Required work
Would you repeat the data below exactly, taking out the images?

Supplied information
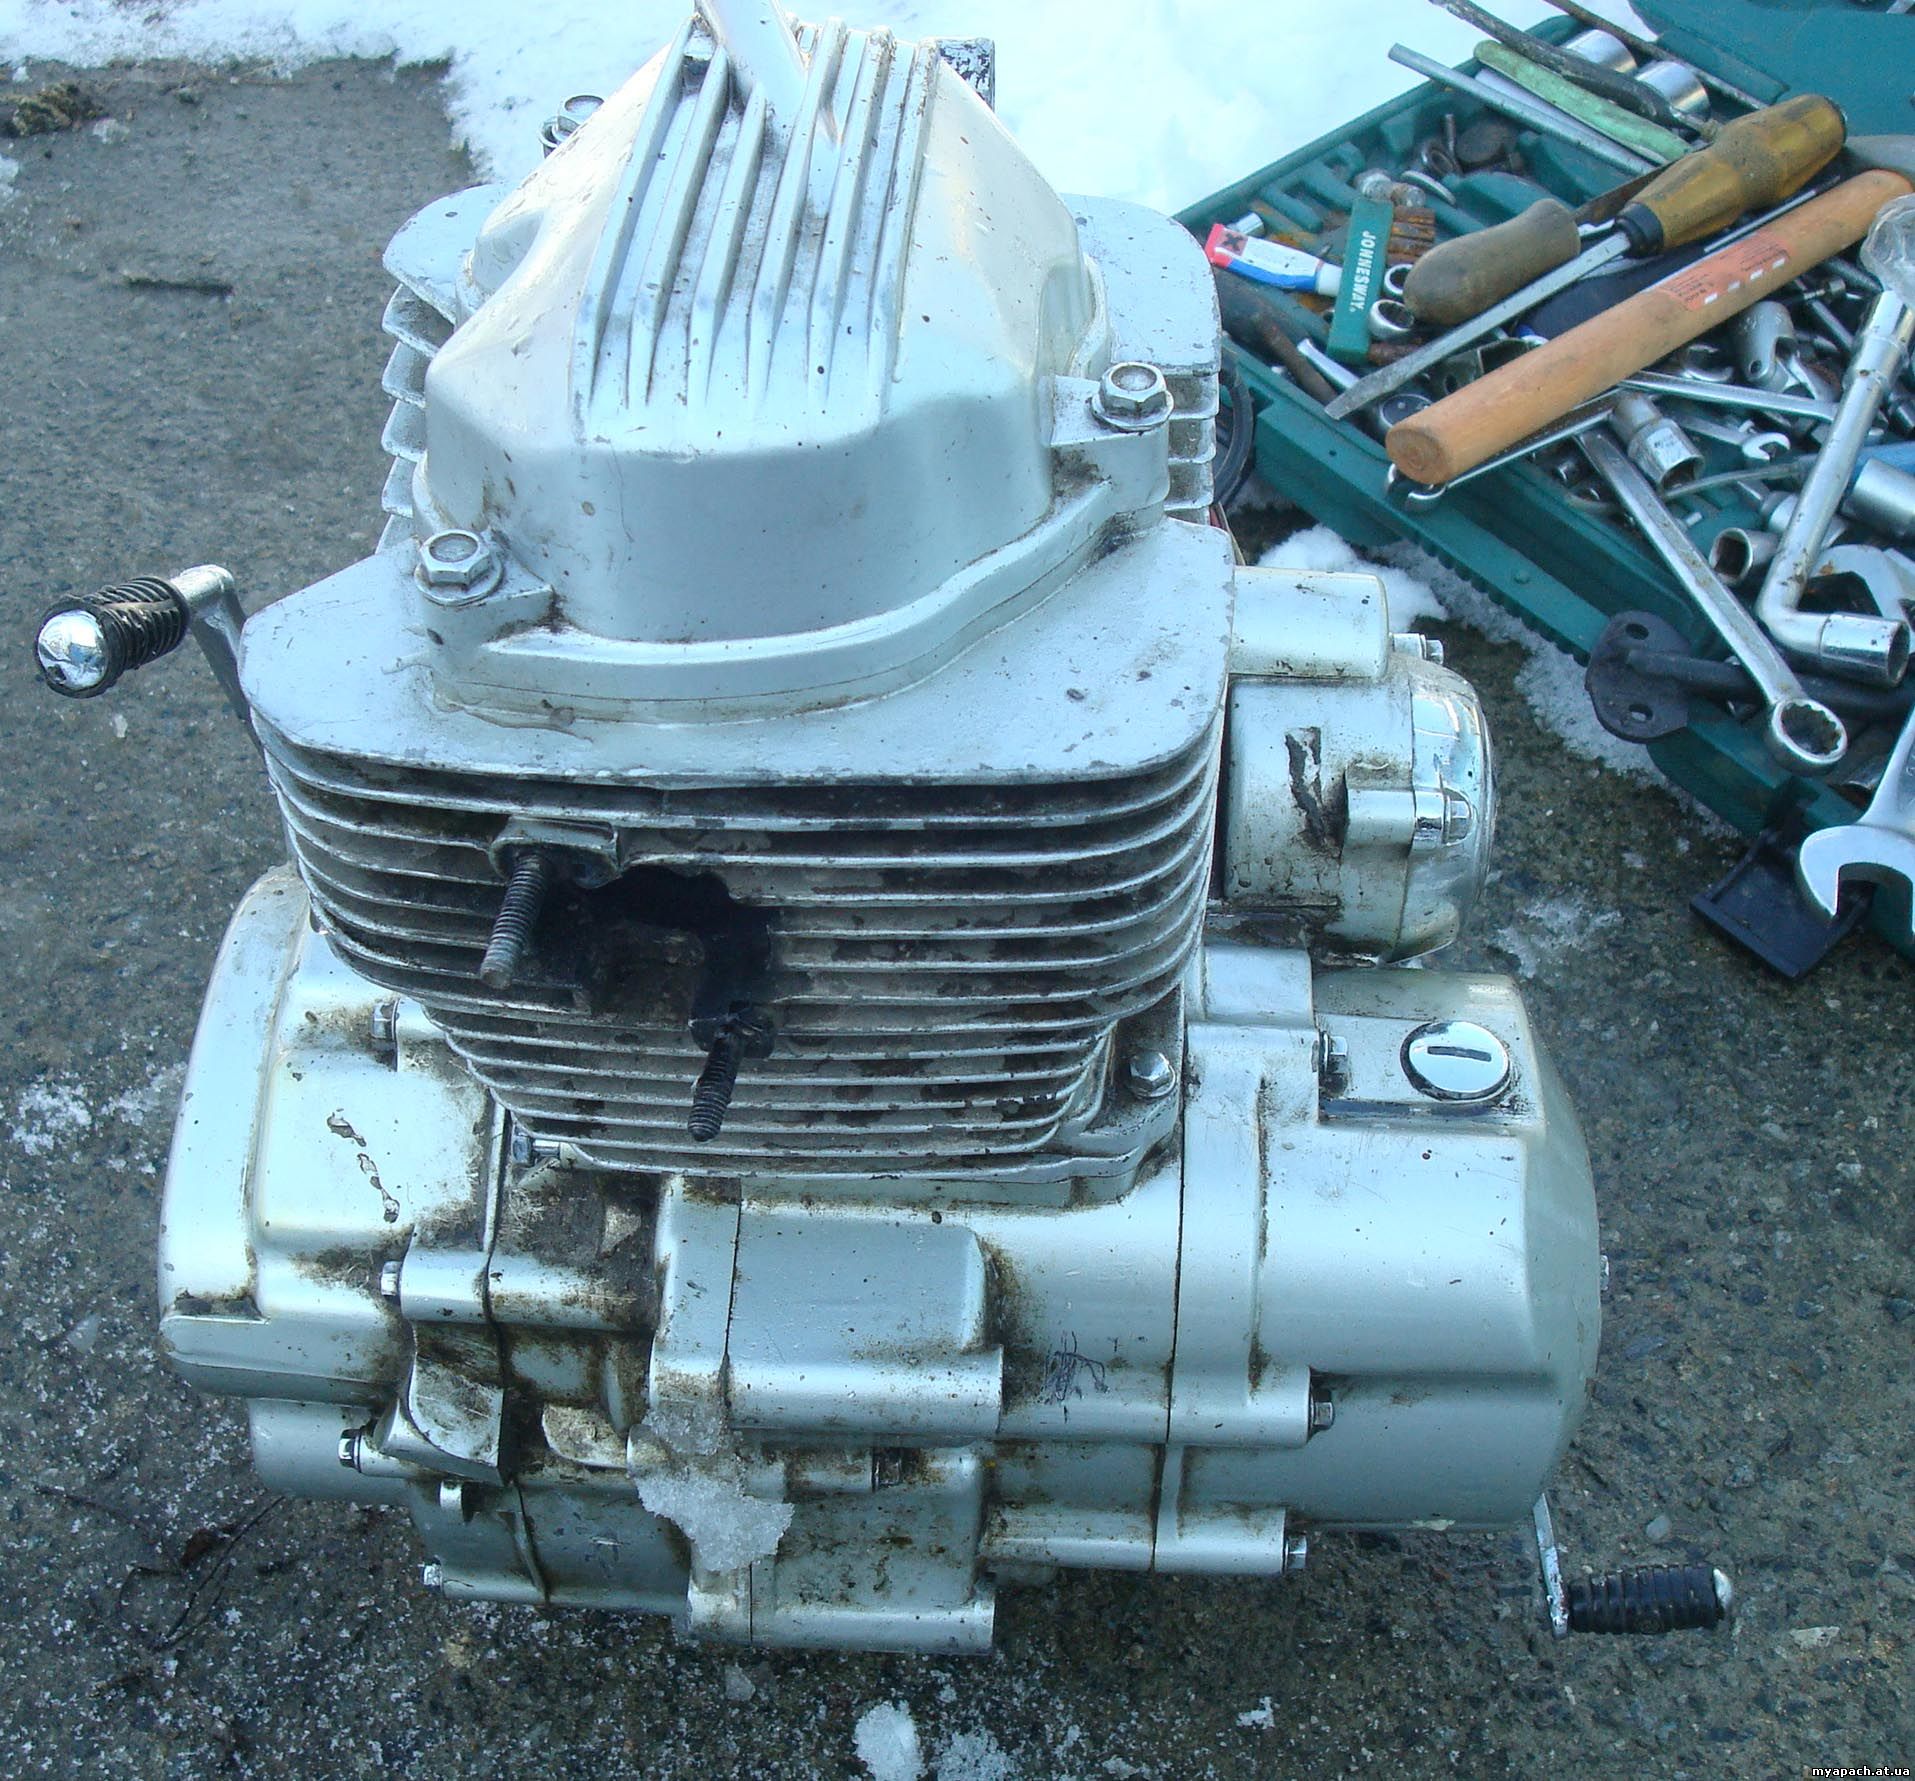 CG 162 FMJ engine
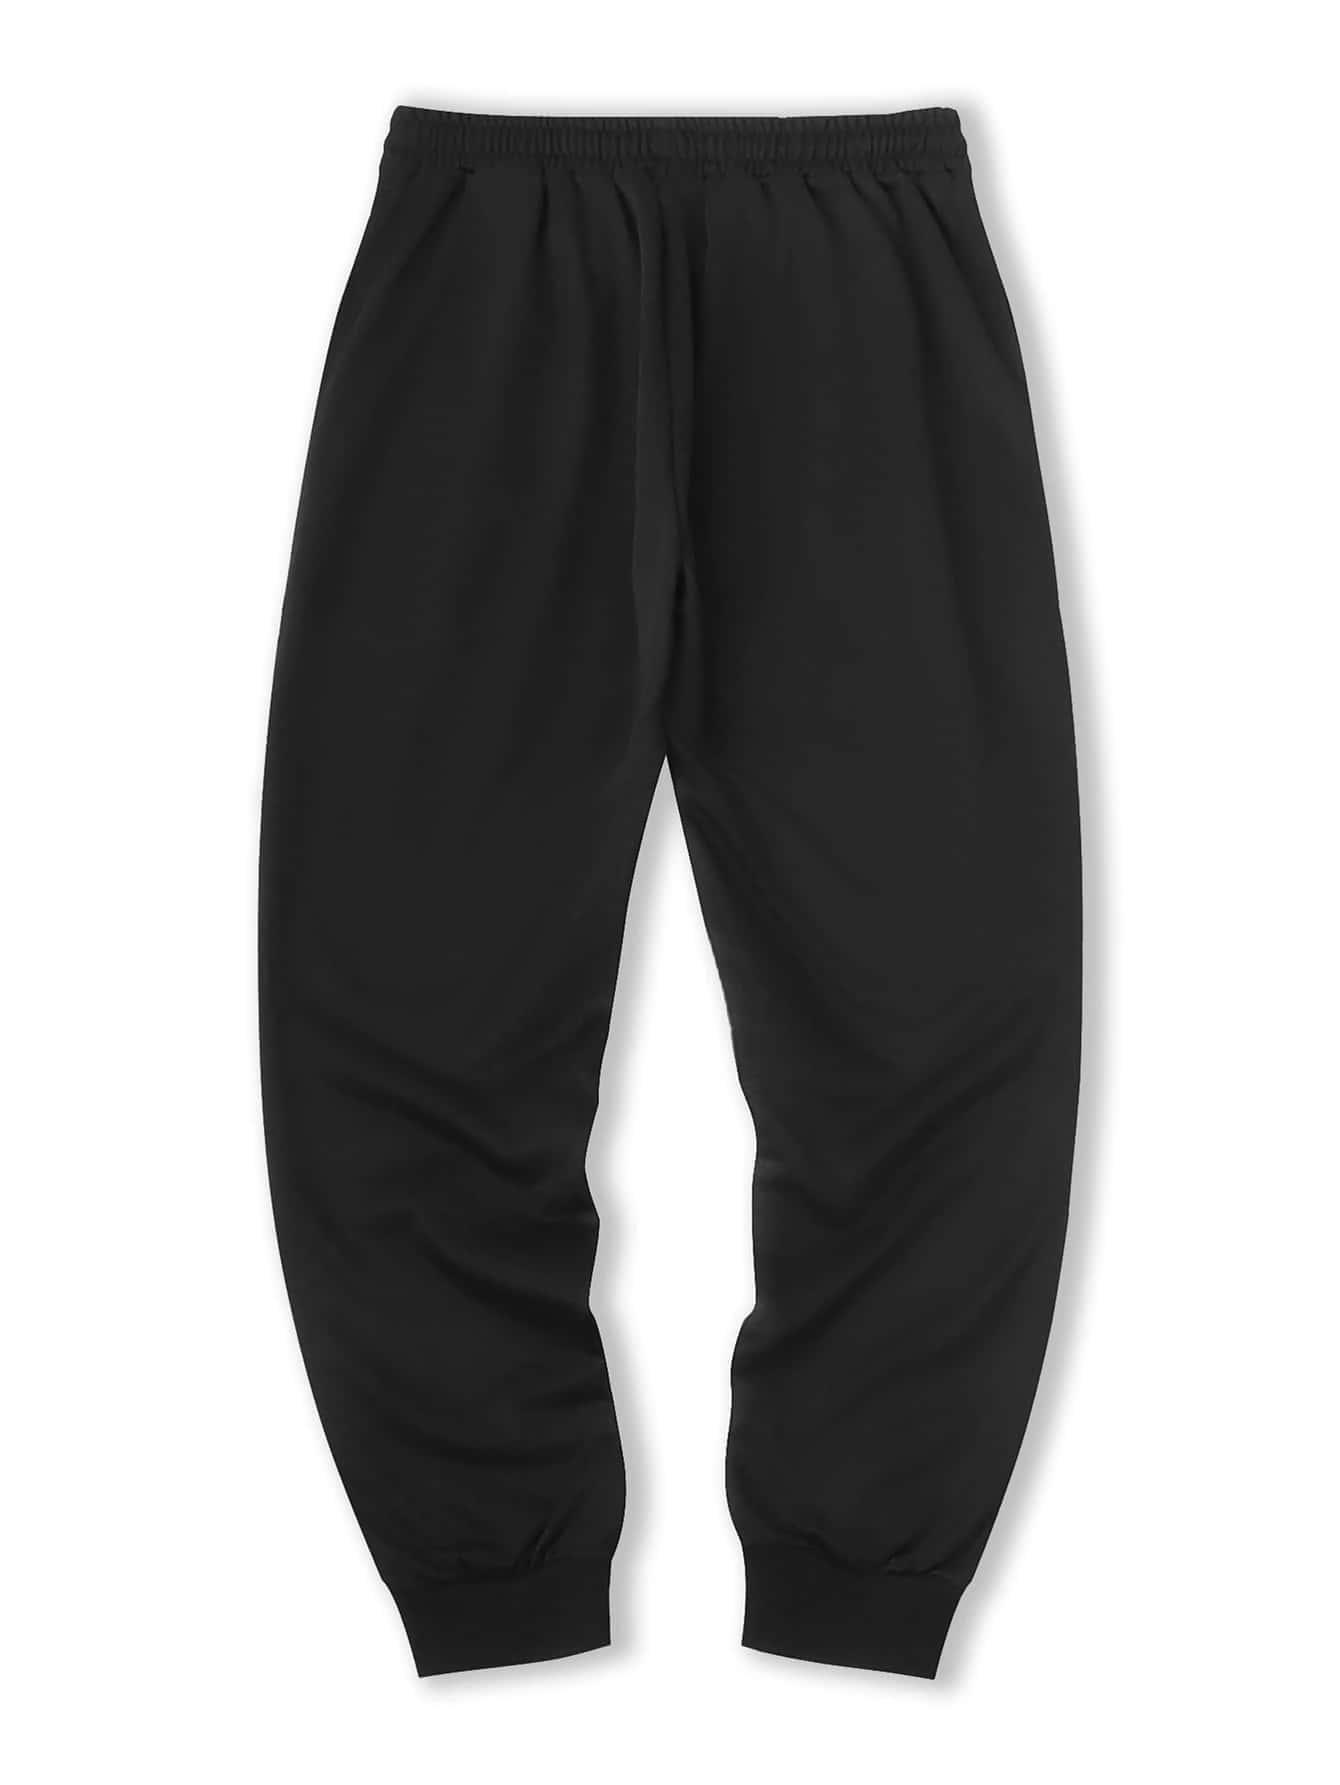 Pantalones deportivos con cordón gráfico - Urban Tribes Store
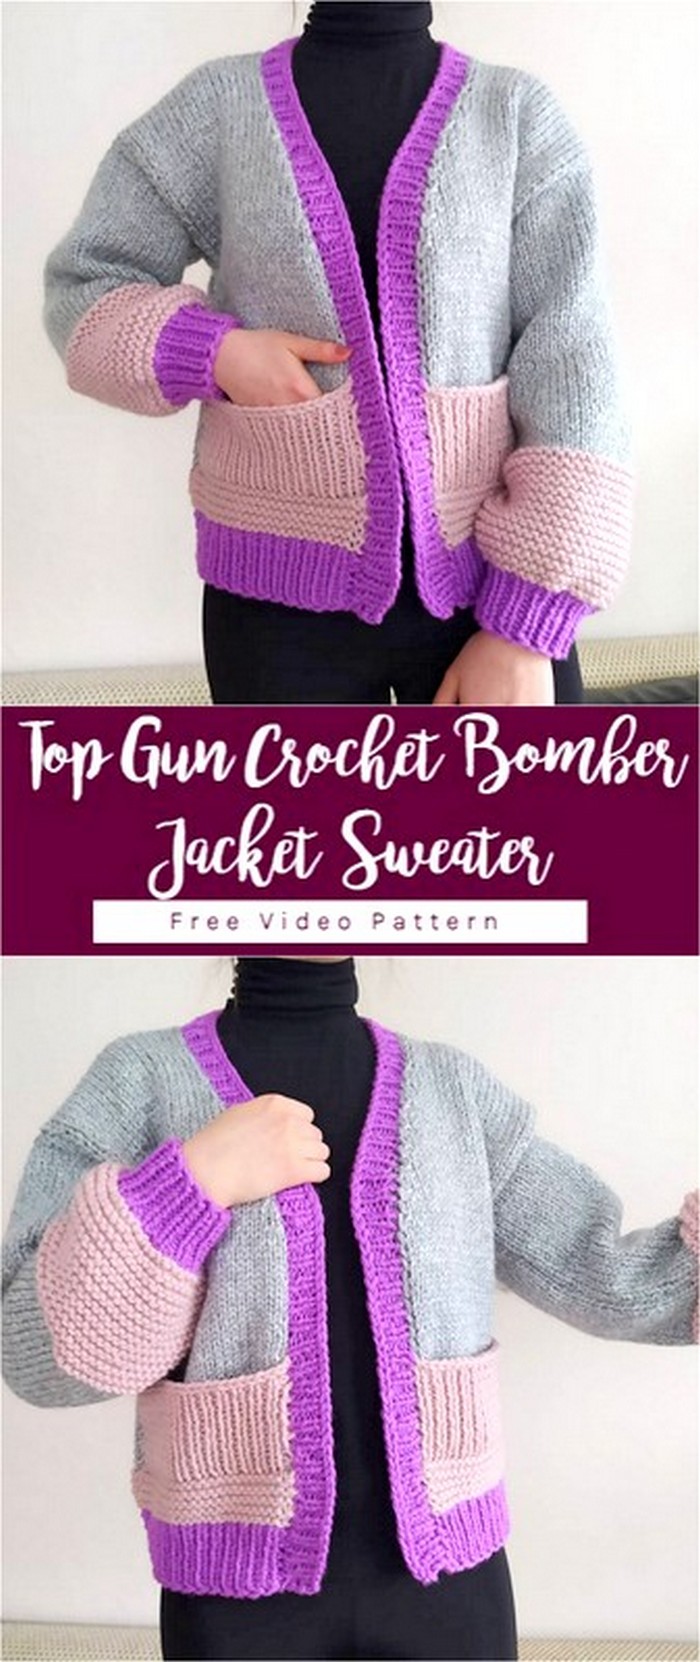 Top Gun Crochet Bomber Jacket Sweater

Exercise output
 CG 162 FMJ engine
 Pantalones deportivos con cordón gráfico - Urban Tribes Store
 Top Gun Crochet Bomber Jacket Sweater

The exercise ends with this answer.